● Try it: The data below should be copied out exactly, with its pictures omitted.

● Data provided:
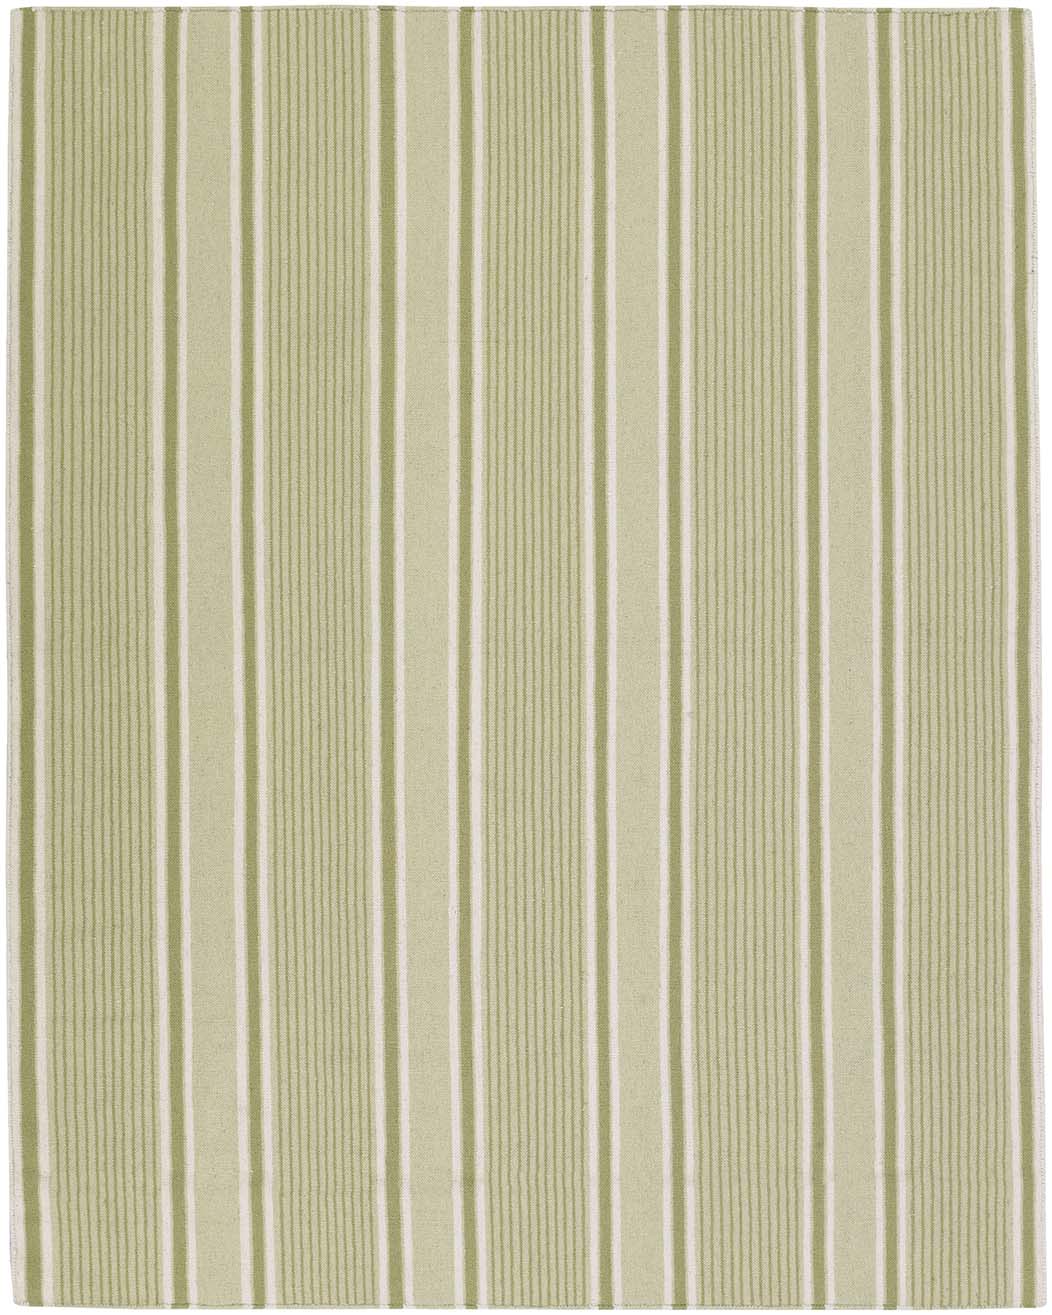 Surya Farmhouse Stripes FAR-7010 Product Image
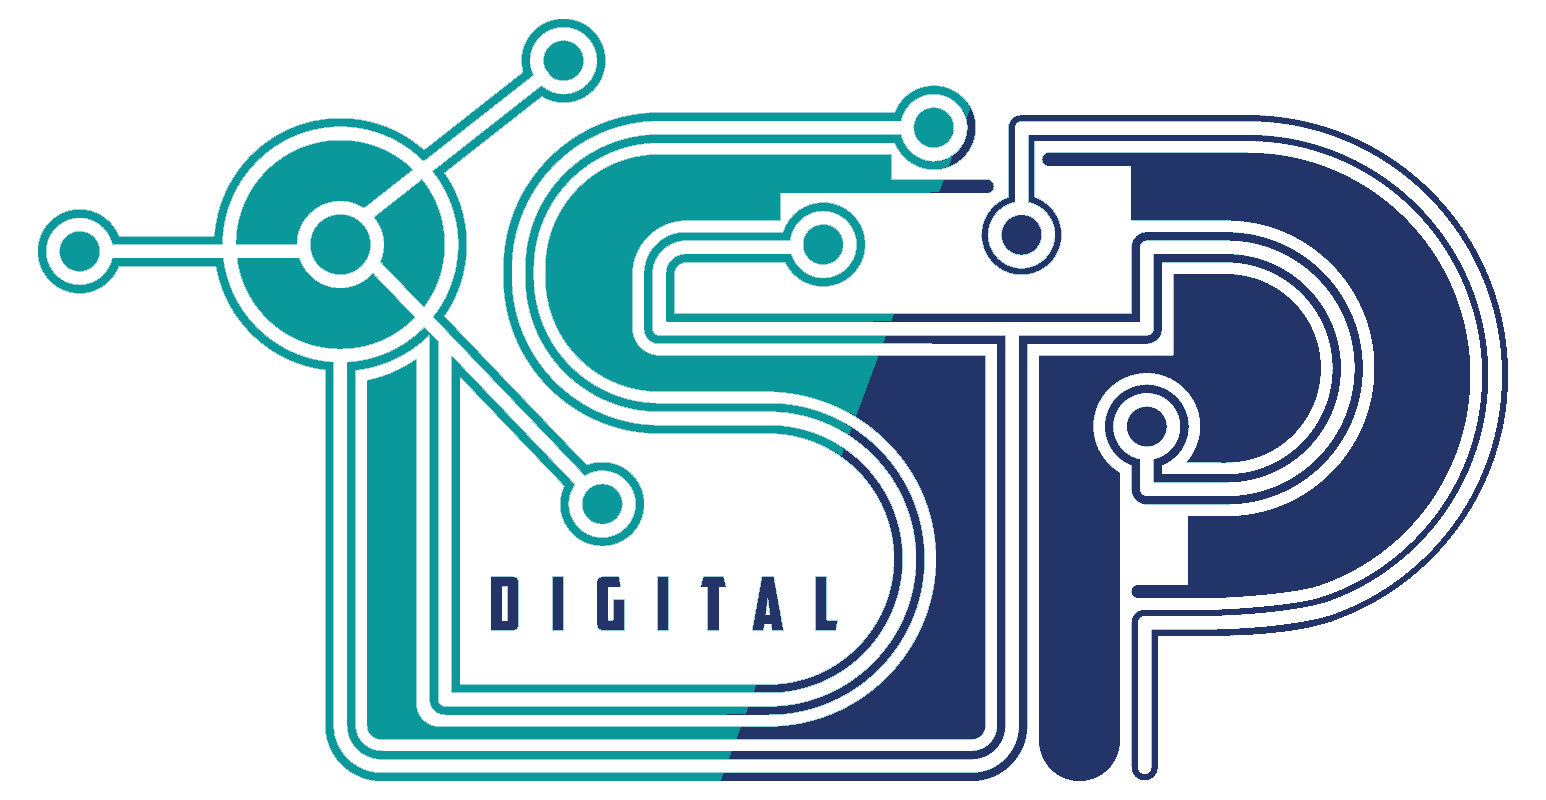   Digital ideas ltd-logo
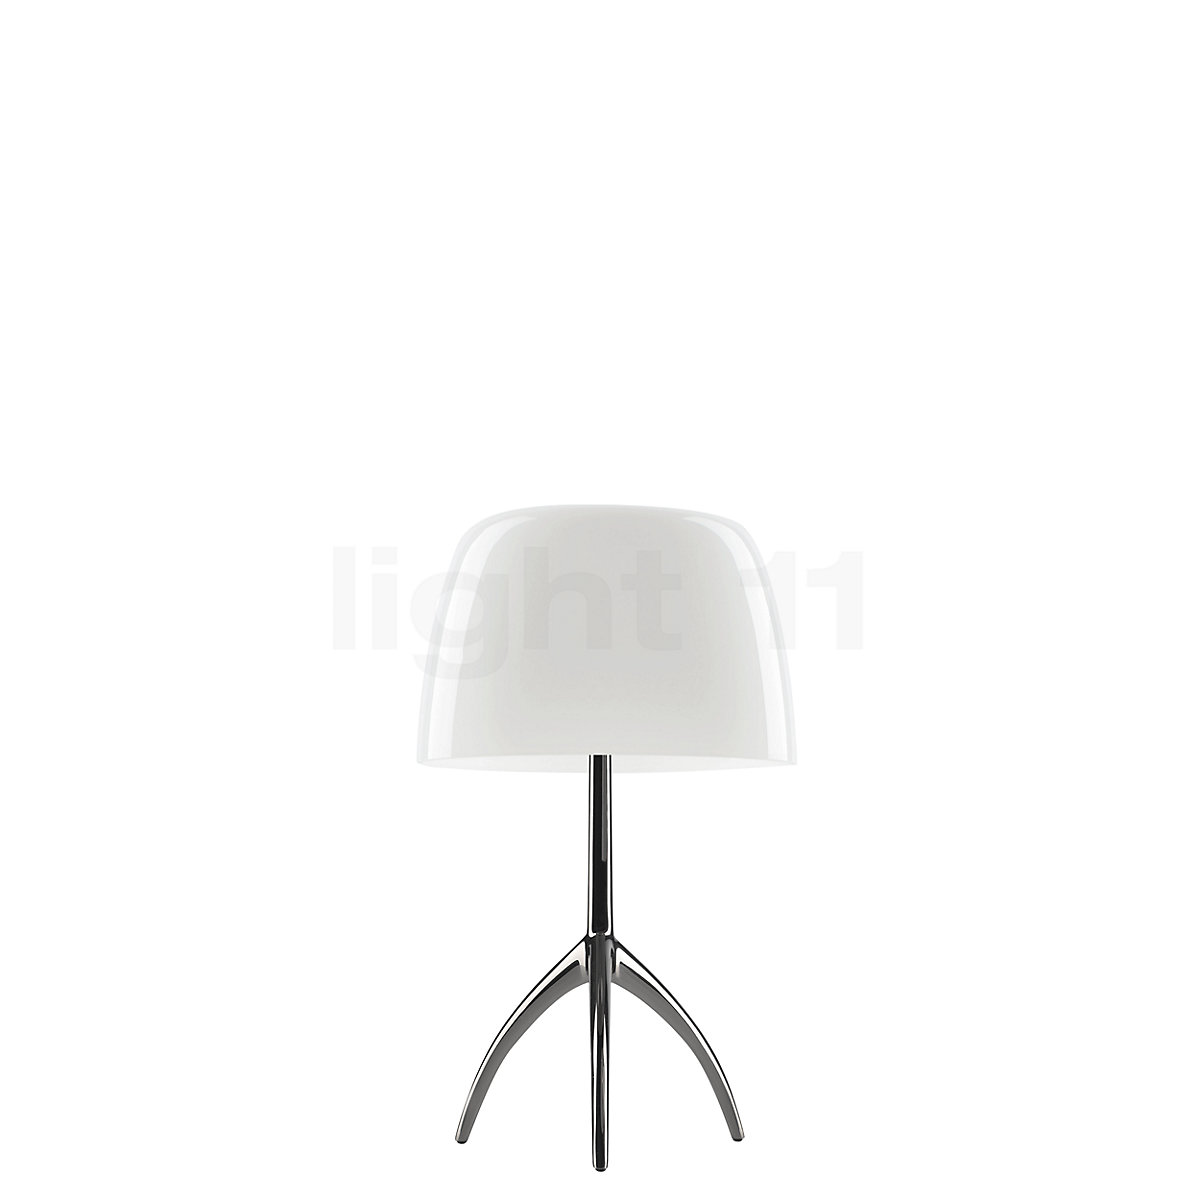 Opeenvolgend vuist schraper Buy Foscarini Lumiere Table Lamp Piccola at light11.eu
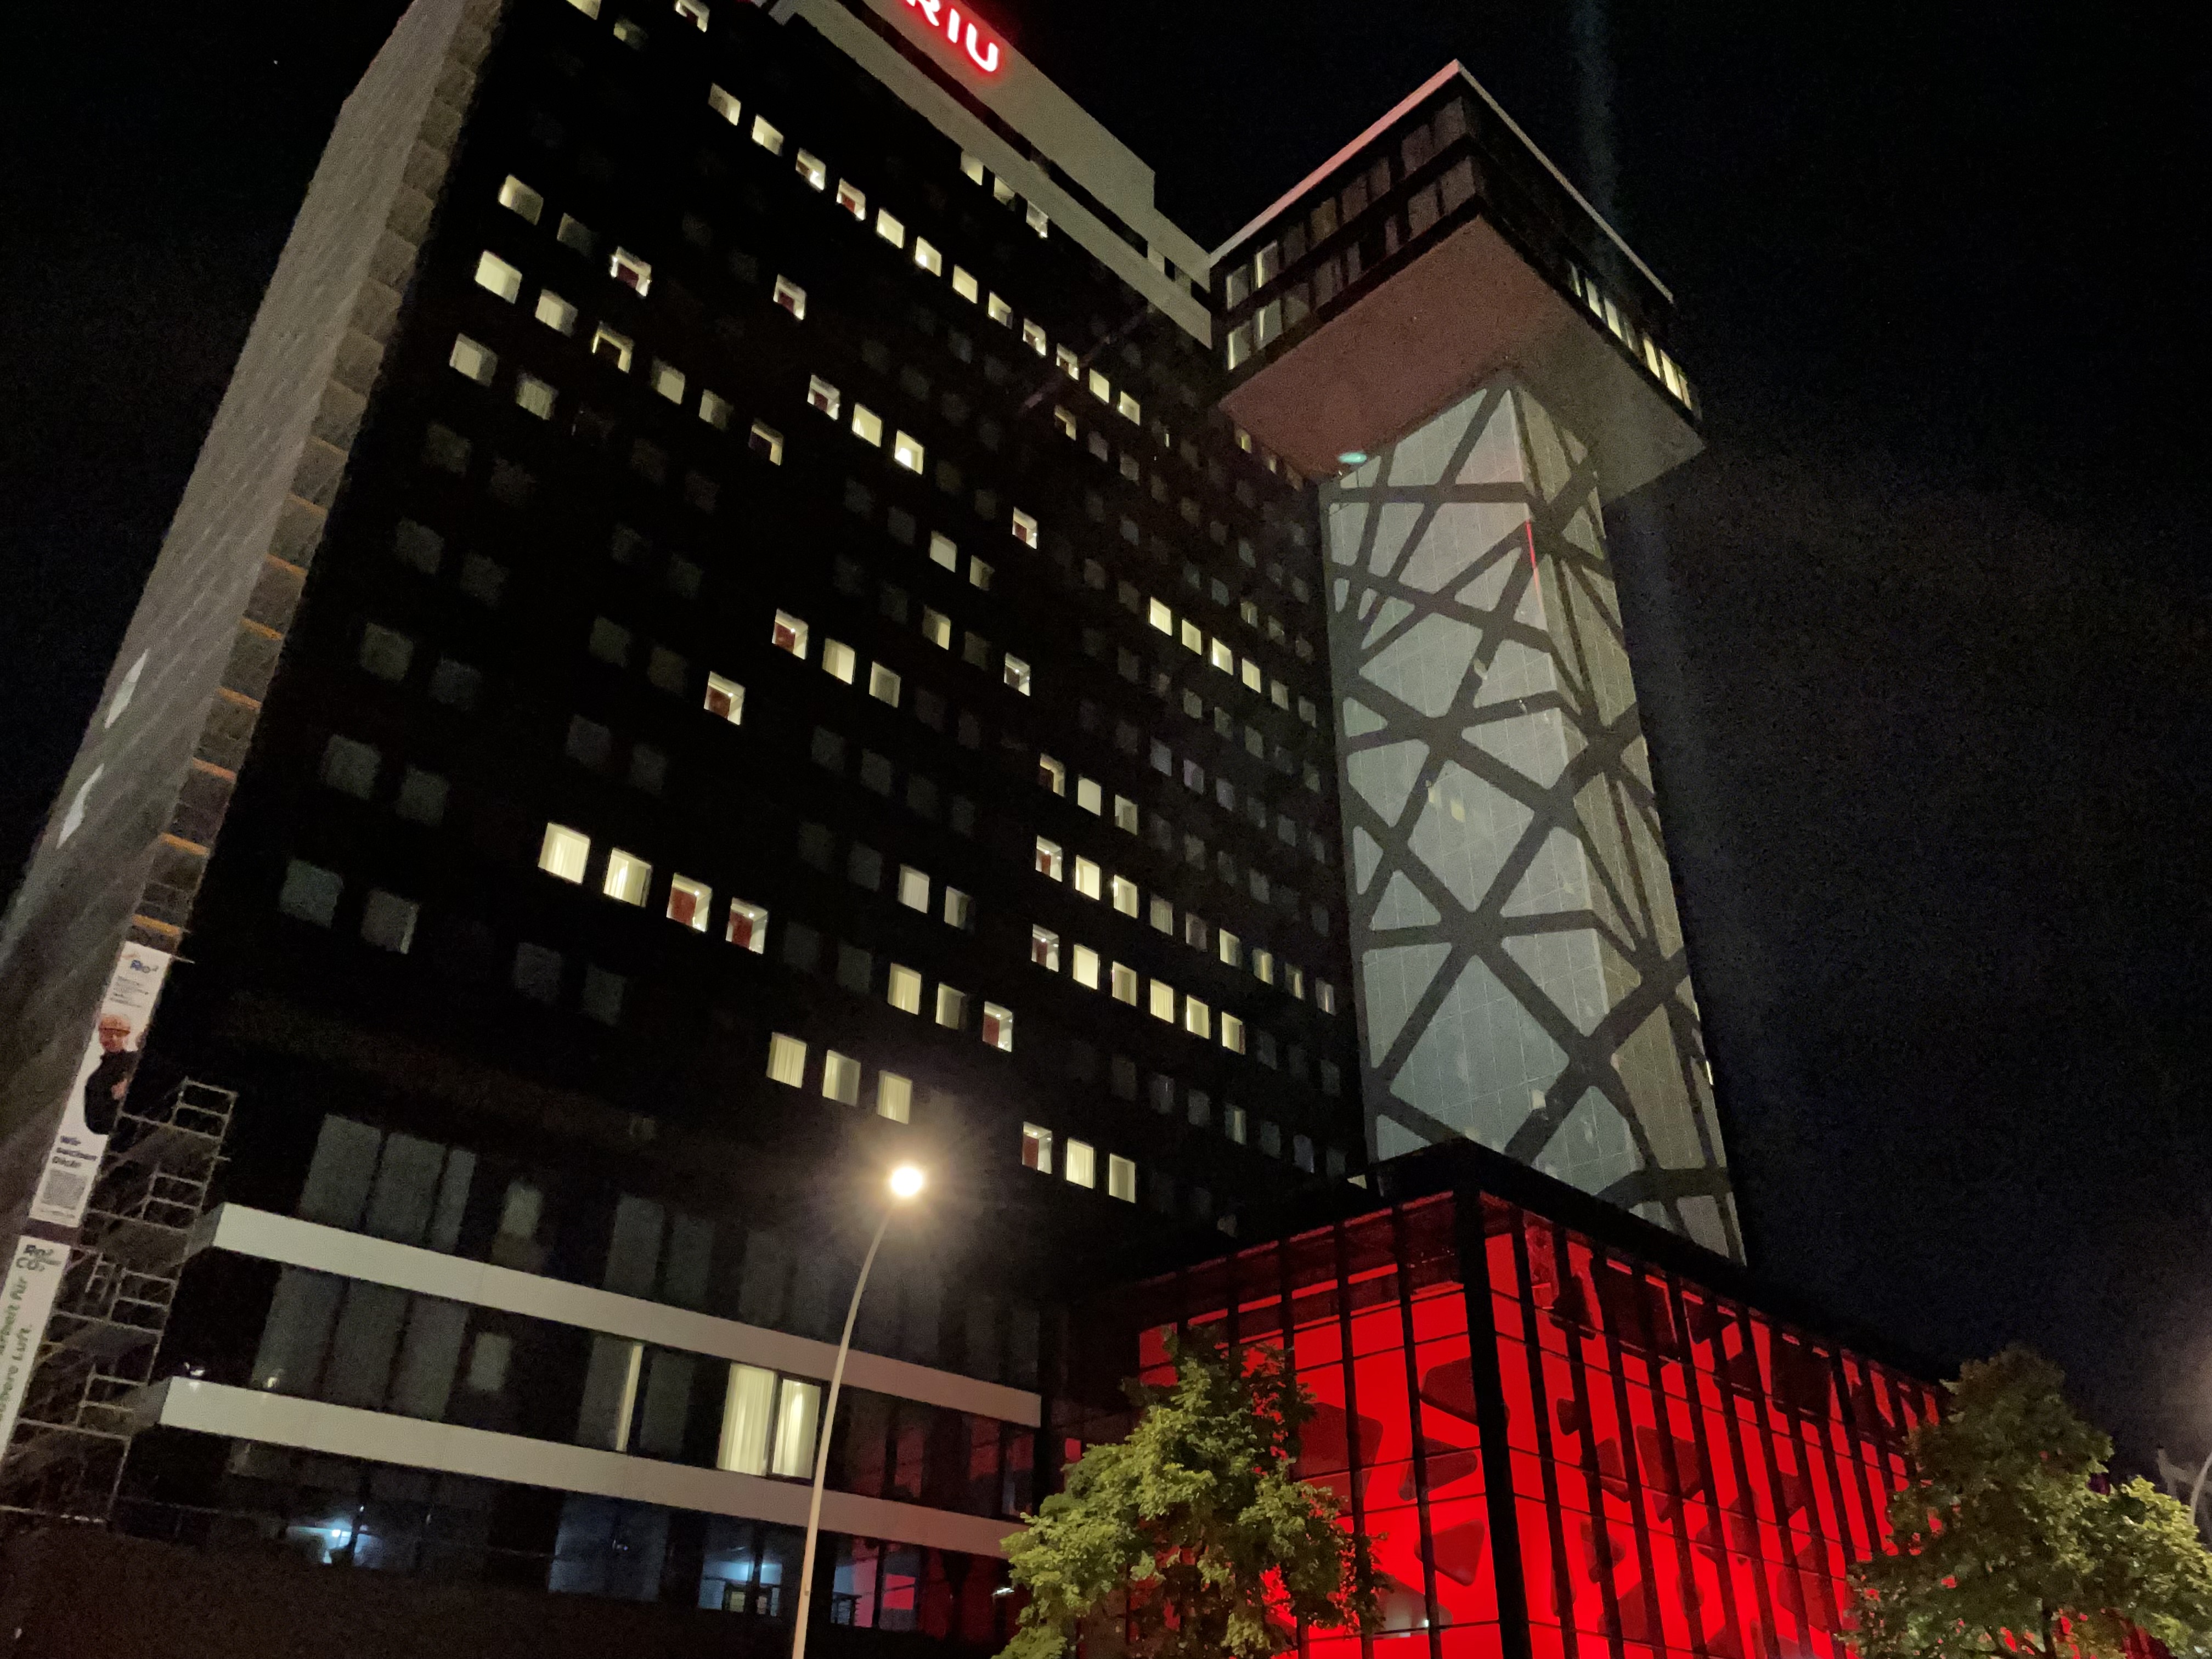 Hotel Riu Plaza Berlin bei Nacht.

● Finished exercise:
 Surya Farmhouse Stripes FAR-7010 Product Image
   Digital ideas ltd-logo
 Opeenvolgend vuist schraper Buy Foscarini Lumiere Table Lamp Piccola at light11.eu
 Hotel Riu Plaza Berlin bei Nacht.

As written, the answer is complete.